Abstract

Copyright notification and enforcement, authentication, covert communication, and hybrid transmission are examples of emerging multimedia applications for digital watermarking methods, methods for embedding one signal (e.g., the digital watermark) within another 'host' signal to form a third, 'composite' signal. The embedding is designed to achieve efficient trade-offs among the three conflicting goals of maximizing information-embedding rate, minimizing distortion between the host signal and composite signal, and maximizing the robustness of the embedding. Quantization index modulation (QIM) methods are a class of watermarking methods that achieve provably good rate-distortion-robustness performance. Indeed, QIM methods exist that achieve performance within a few dB of capacity in the case of a (possibly colored) Gaussian host signal and an additive (possibly colored) Gaussian noise channel. Also, QIM methods can achieve capacity with a type of postprocessing called distortion compensation.

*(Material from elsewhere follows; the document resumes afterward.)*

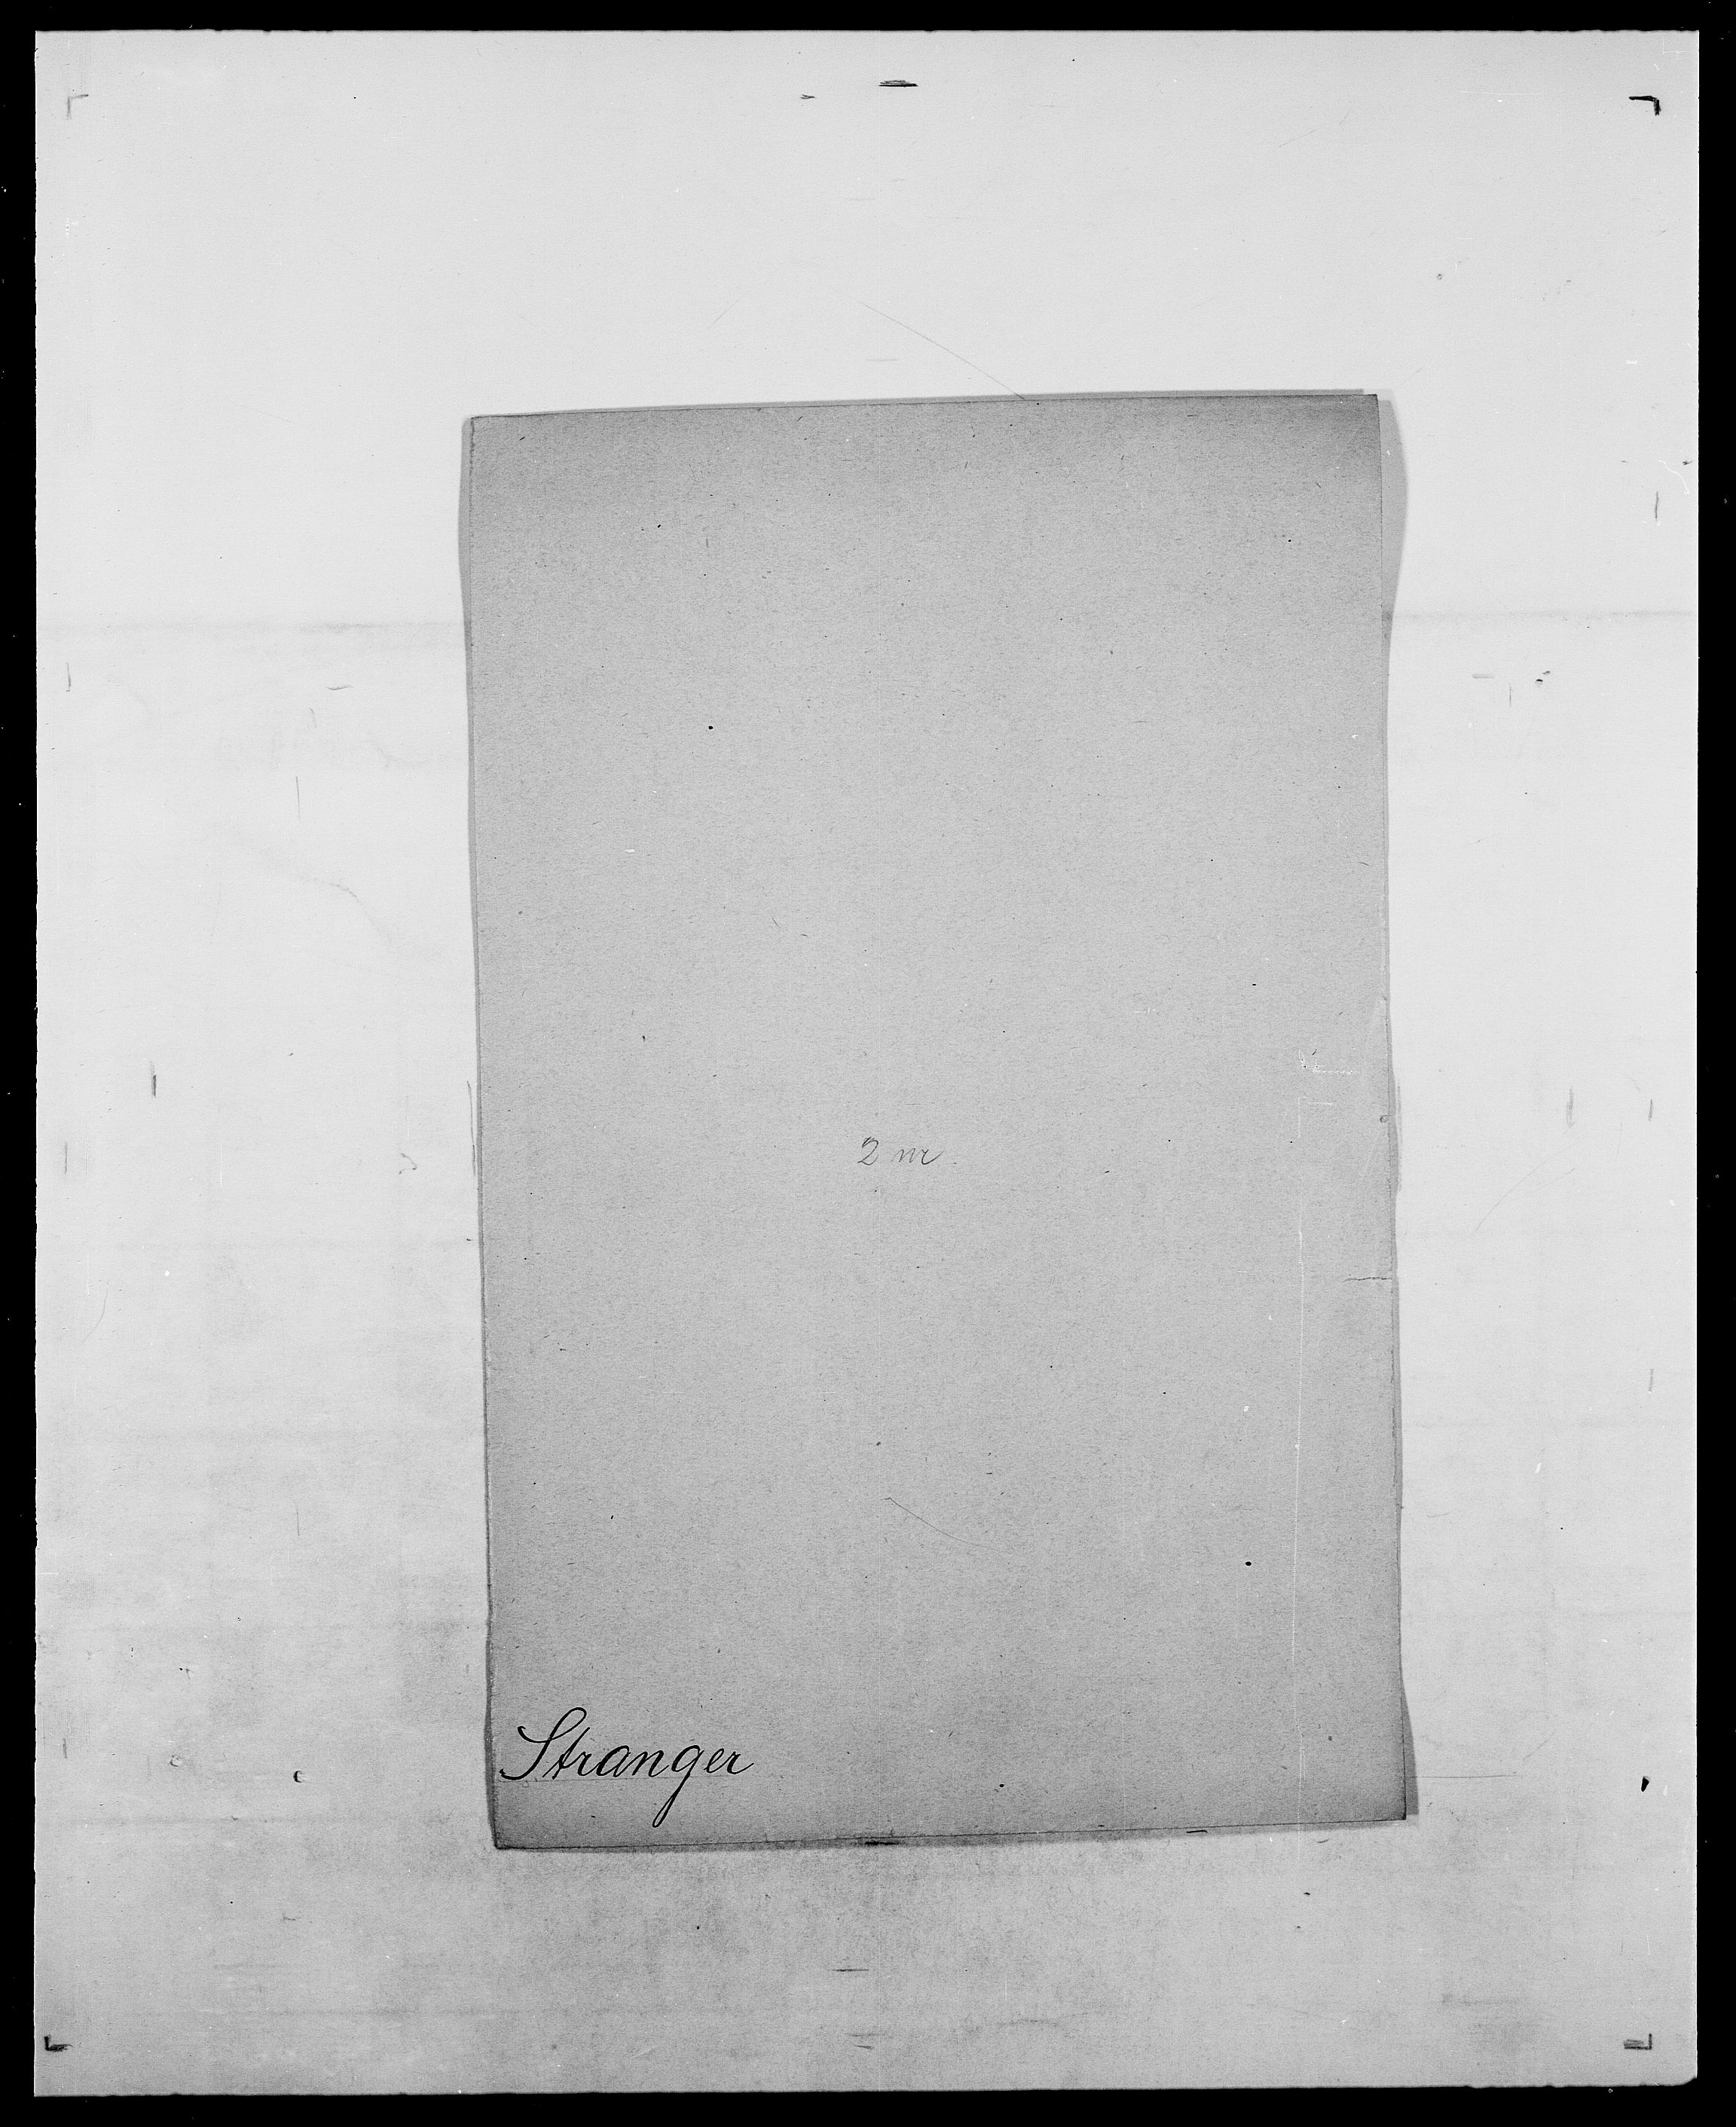 SAO, Delgobe, Charles Antoine - samling, D/Da/L0037: Steen, Sthen, Stein - Svare, Svanige, Svanne, se også Svanning og Schwane, s. 574
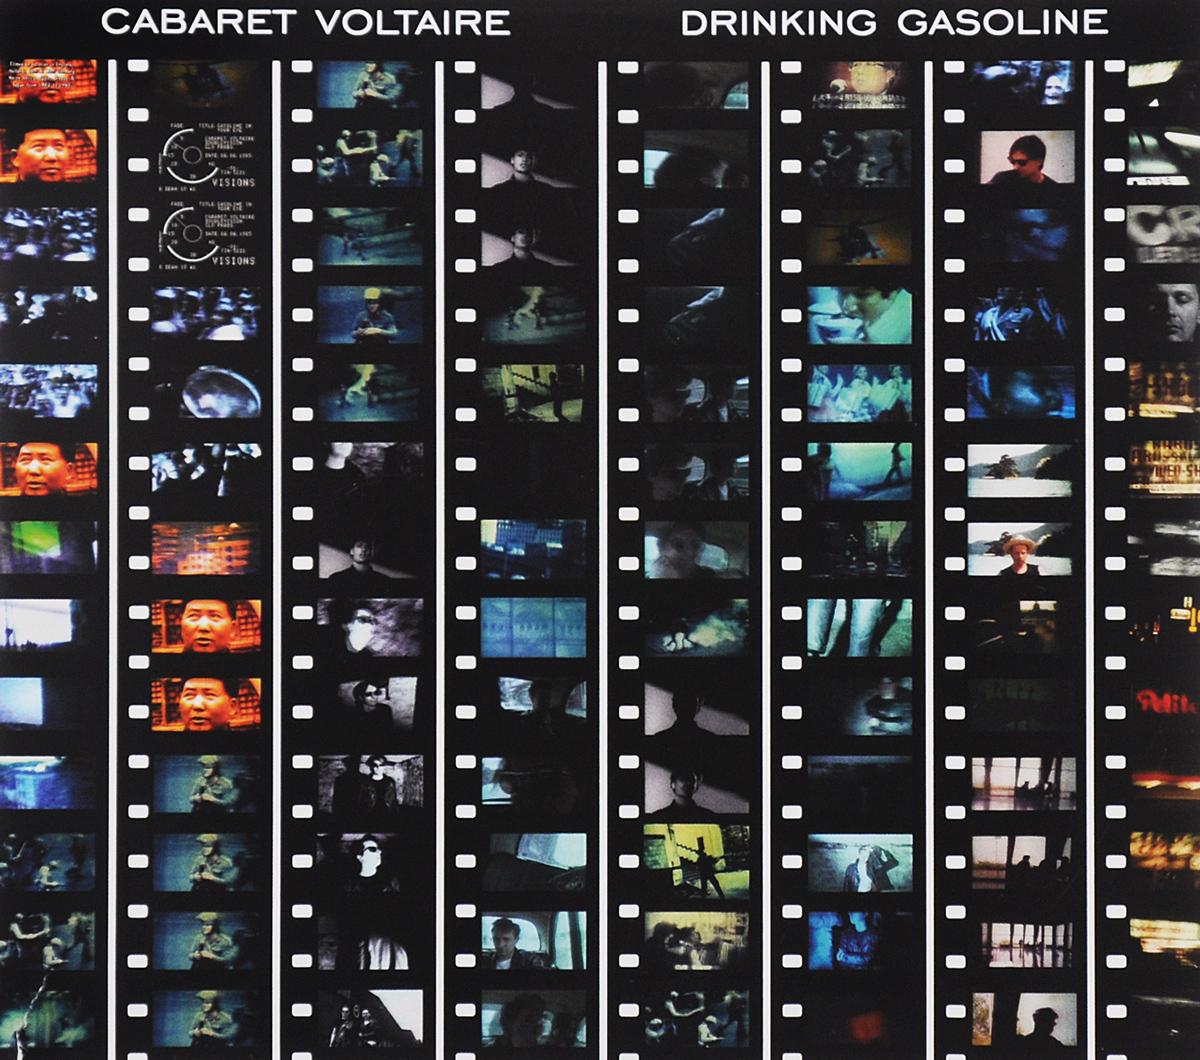 Cabaret Voltaire. Drinking Gasoline (CD + DVD)

This capacity is independent of host signal statistics, and thus, contrary to popular belief, the information-embedding capacity when the host signal is not available at the decoder is the same as the case when the host signal is available at the decoder. A low-complexity realization of QIM called dither modulation has previously been proven to be better than both linear methods of spread spectrum and nonlinear methods of low-bit(s) modulation against square-error distortion-constrained intentional attacks. We introduce a new form of dither modulation called spread-transform dither modulation that retains these favorable performance characteristics while achieving better performance against other attacks such as JPEG compression.